- ASSIGNMENT -
Return the lines of the data below, from the one containing "飛沫飛散を防ぐ「ShieldPod」 - 装着者と周囲の人に安心感を" through the very last, exactly and with both ends included; no pictures.

Stored entries
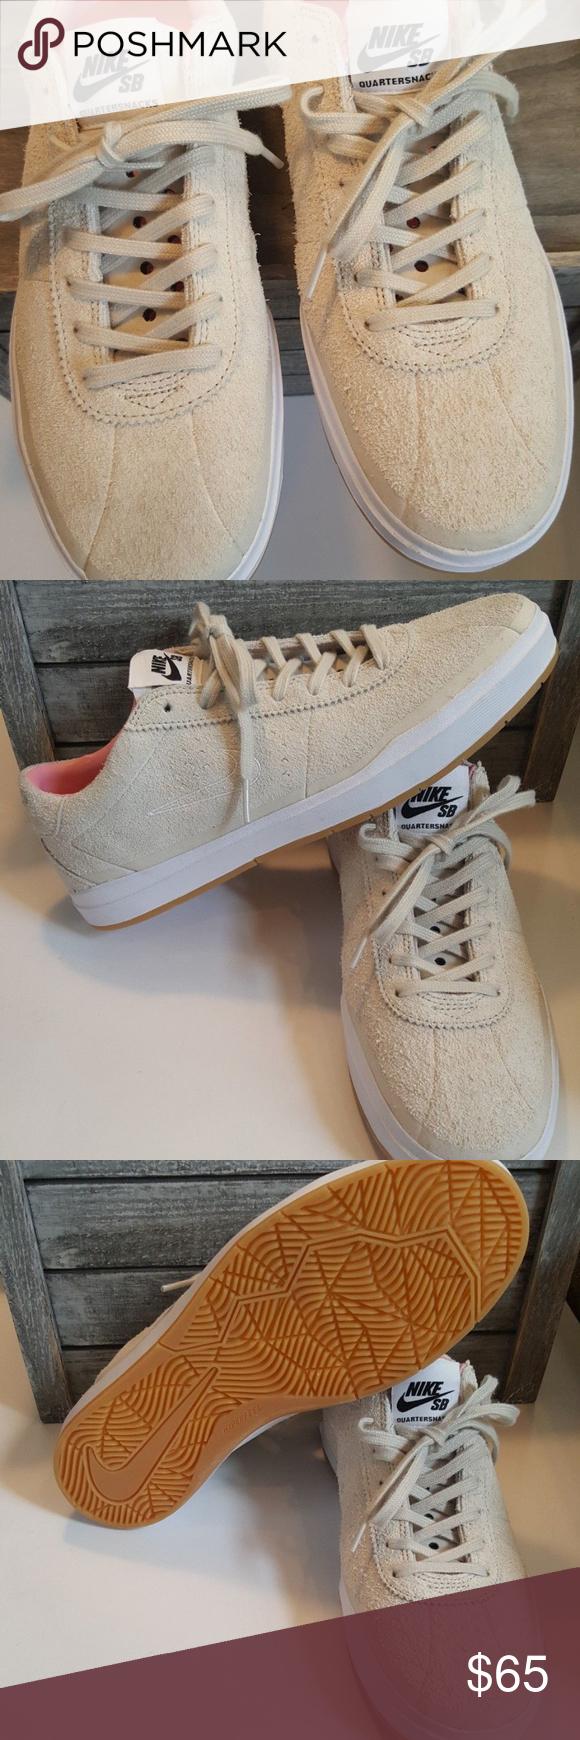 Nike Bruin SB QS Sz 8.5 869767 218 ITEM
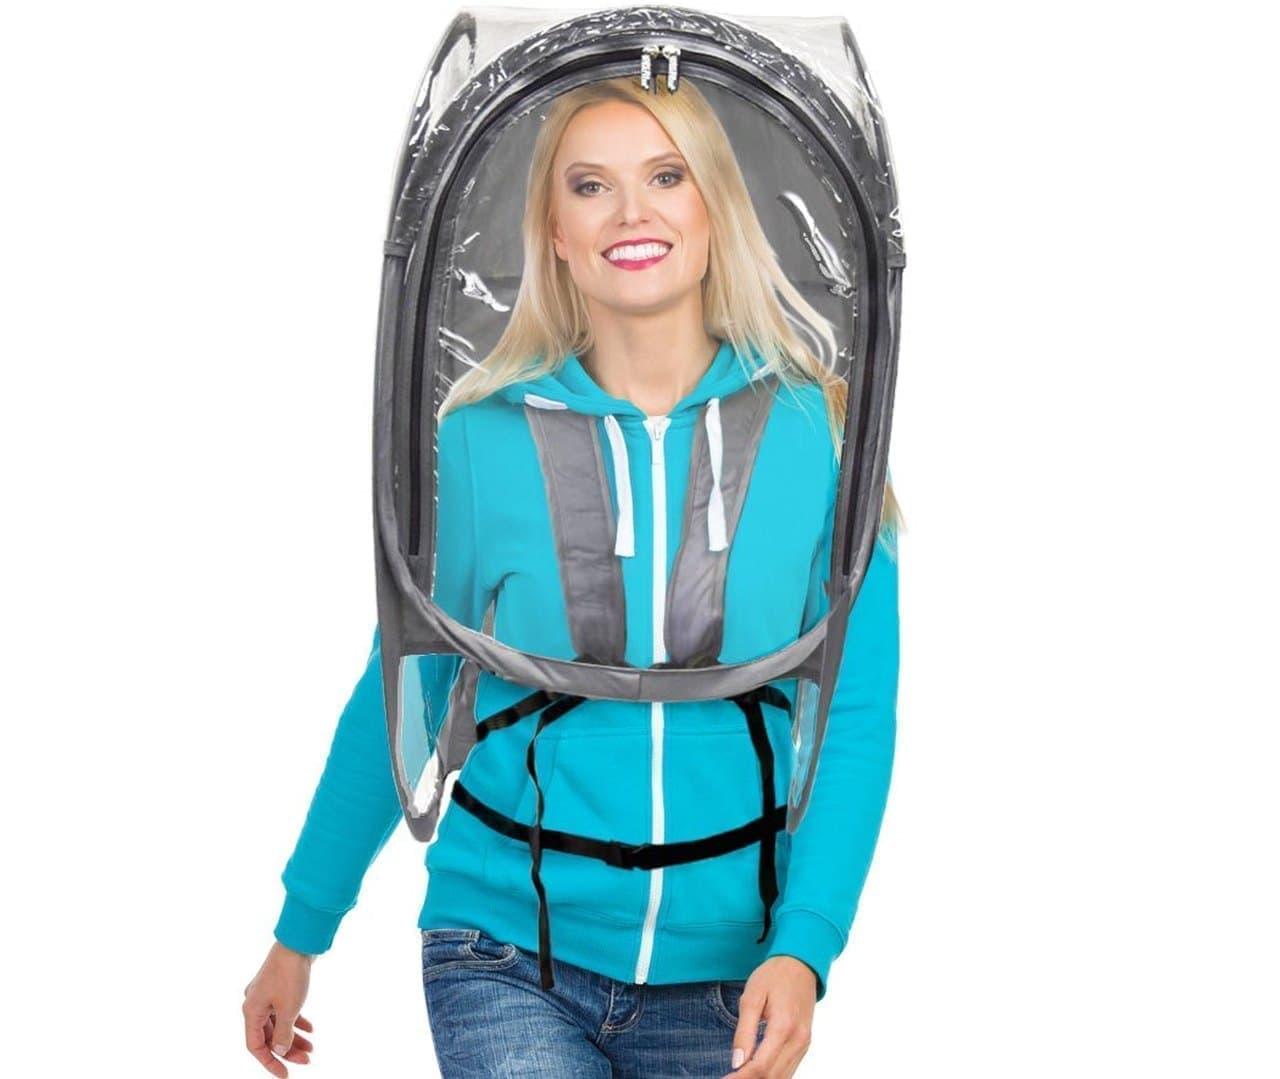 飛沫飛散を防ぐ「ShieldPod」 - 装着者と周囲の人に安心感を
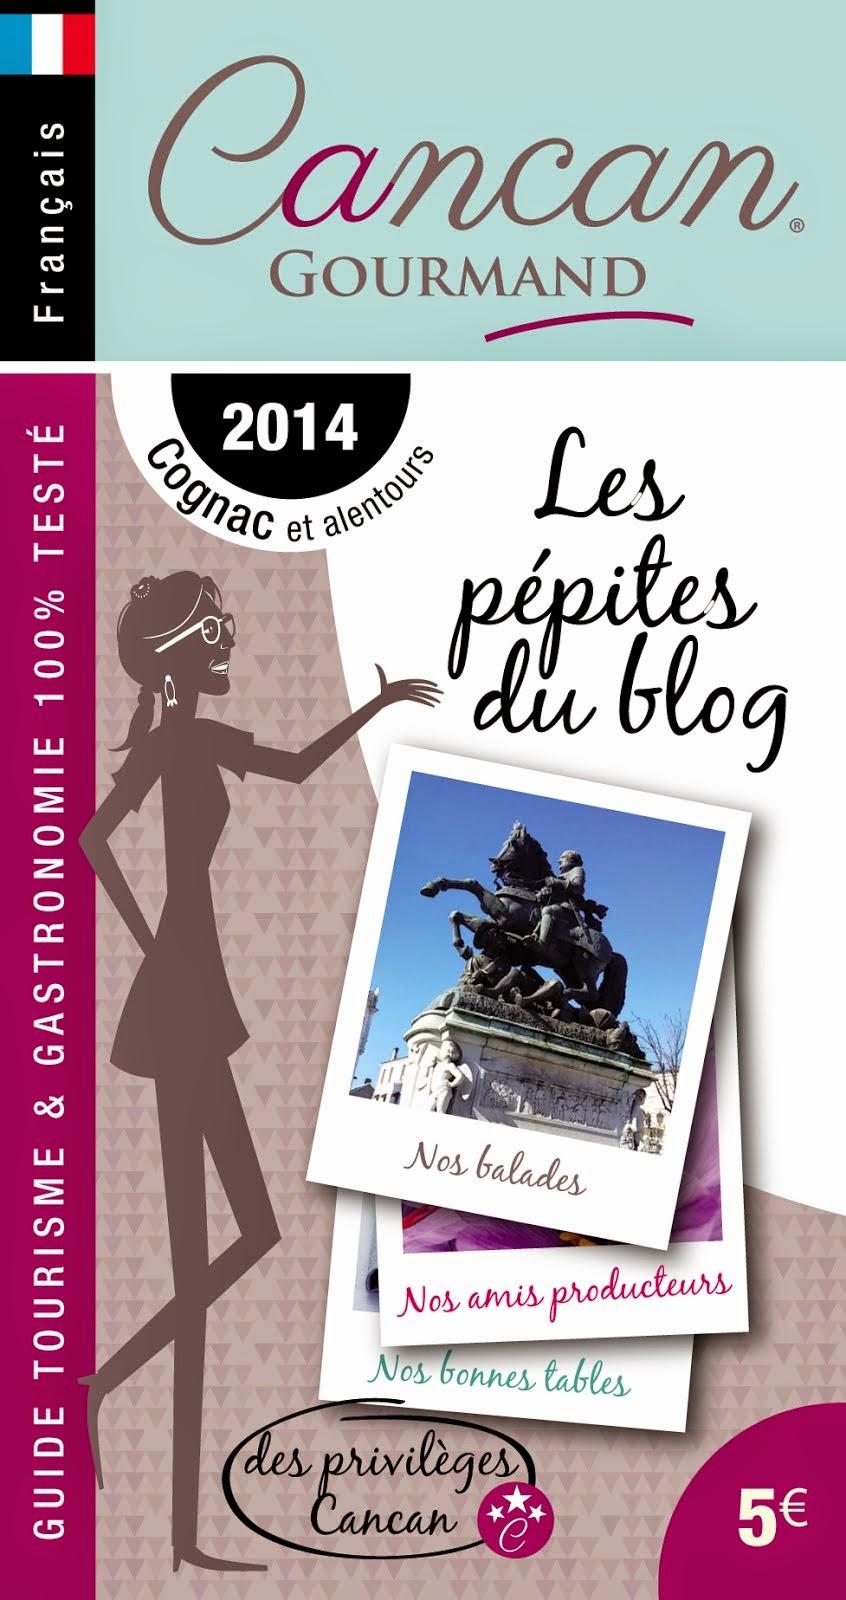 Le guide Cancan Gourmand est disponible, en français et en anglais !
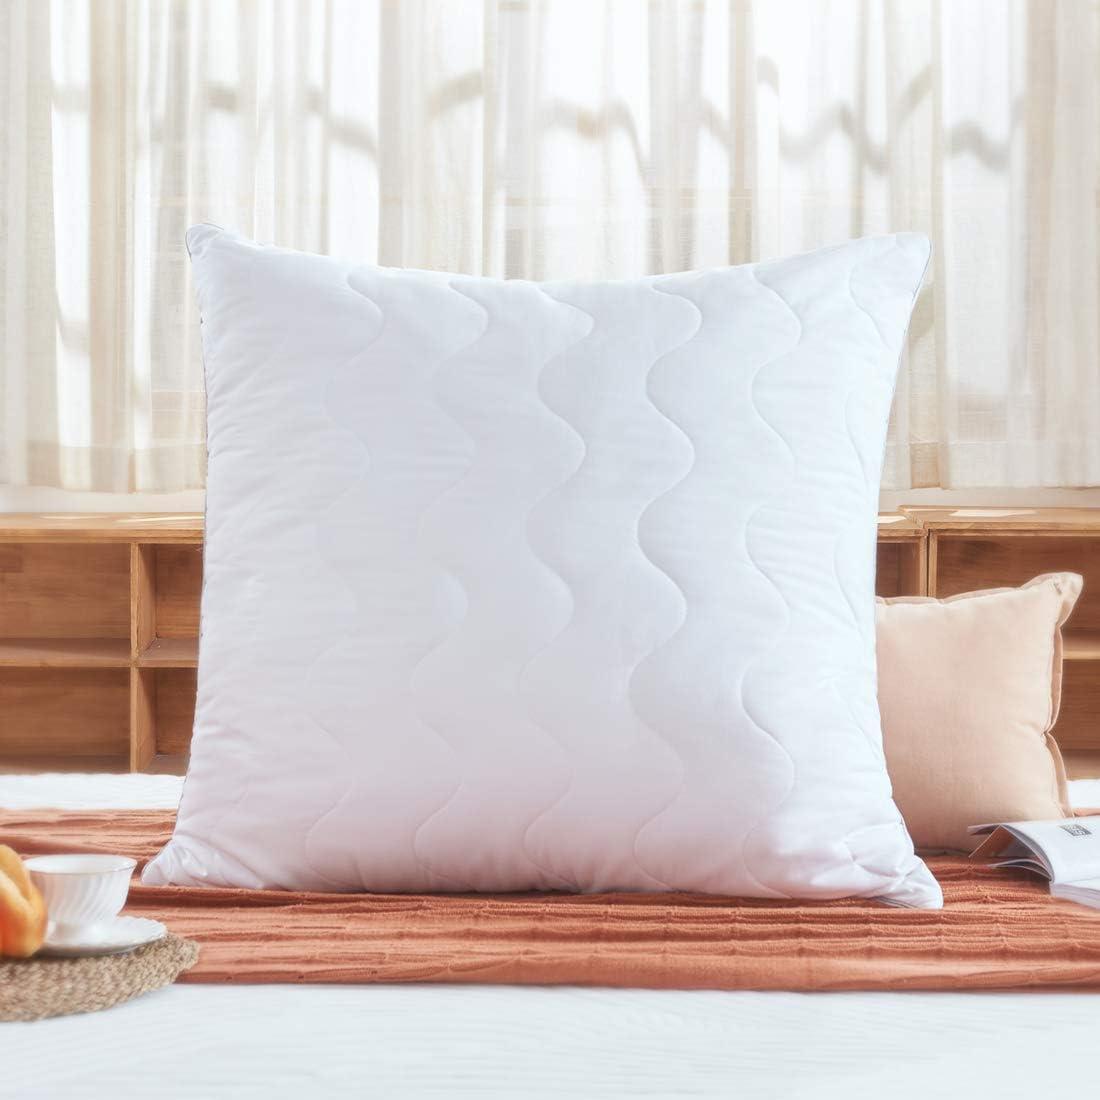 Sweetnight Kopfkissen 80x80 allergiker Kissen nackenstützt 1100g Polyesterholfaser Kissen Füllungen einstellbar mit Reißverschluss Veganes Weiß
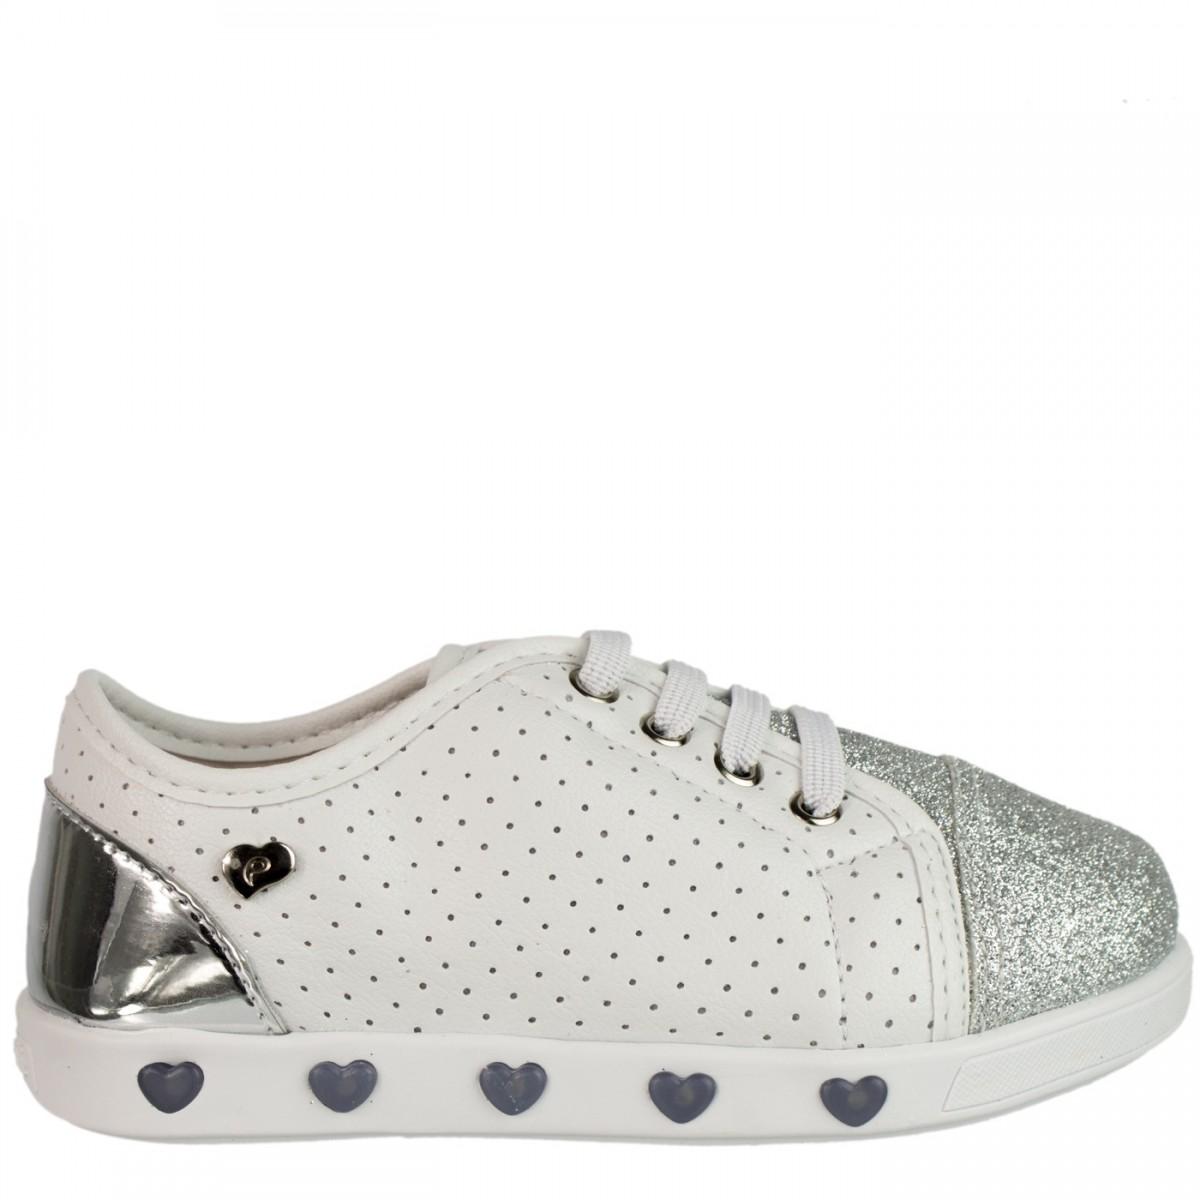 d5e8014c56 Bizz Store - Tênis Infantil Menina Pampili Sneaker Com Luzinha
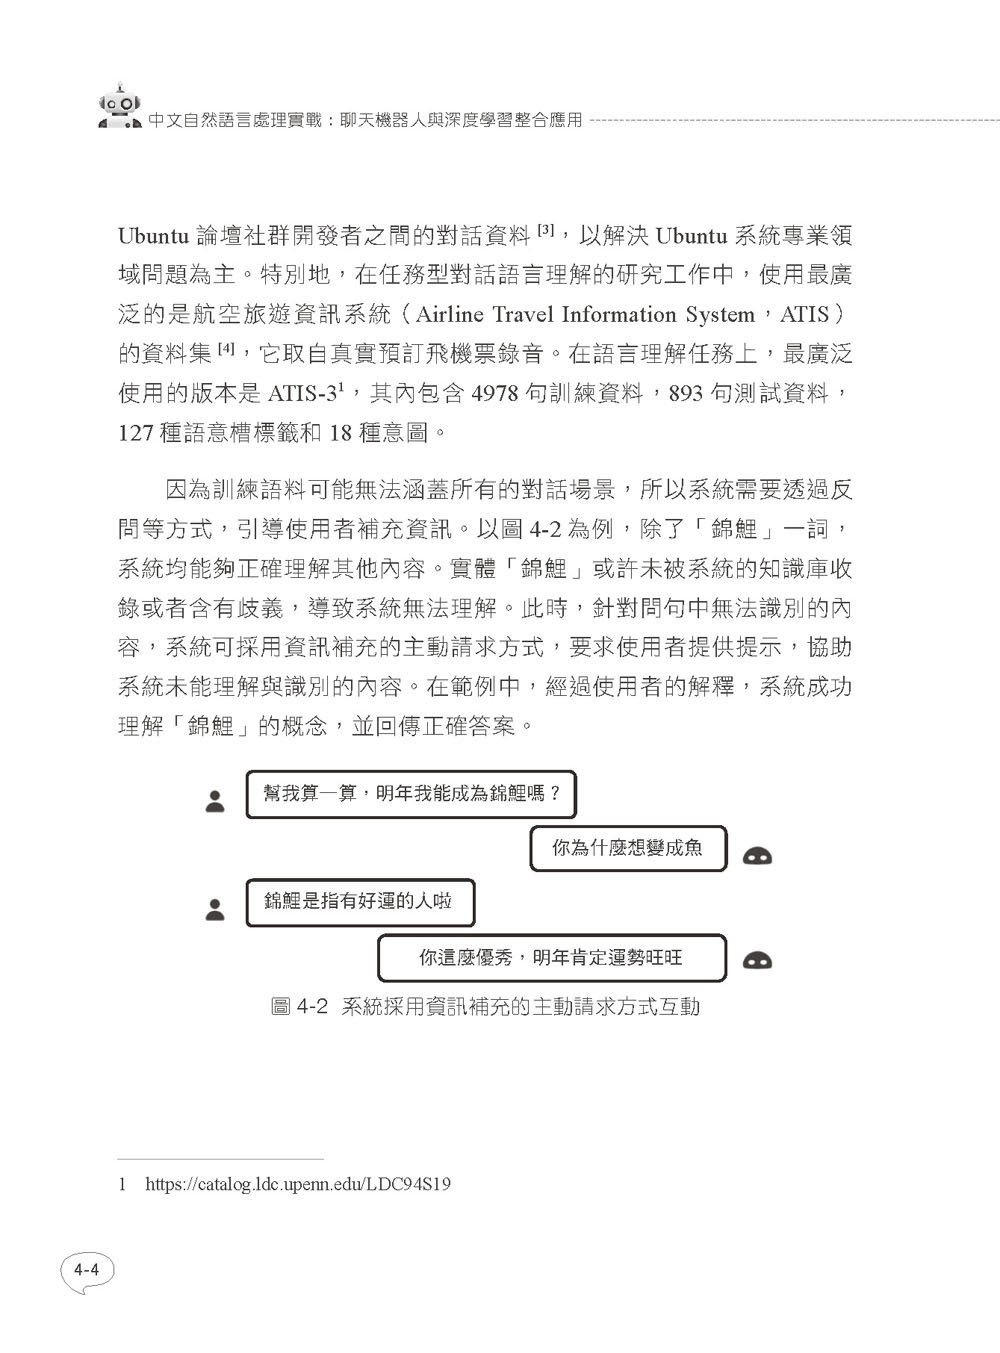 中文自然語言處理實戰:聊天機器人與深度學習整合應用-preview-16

- EXERCISE RESULT -
 飛沫飛散を防ぐ「ShieldPod」 - 装着者と周囲の人に安心感を
 Le guide Cancan Gourmand est disponible, en français et en anglais !
 Sweetnight Kopfkissen 80x80 allergiker Kissen nackenstützt 1100g Polyesterholfaser Kissen Füllungen einstellbar mit Reißverschluss Veganes Weiß
 d5e8014c56 Bizz Store - Tênis Infantil Menina Pampili Sneaker Com Luzinha
 中文自然語言處理實戰:聊天機器人與深度學習整合應用-preview-16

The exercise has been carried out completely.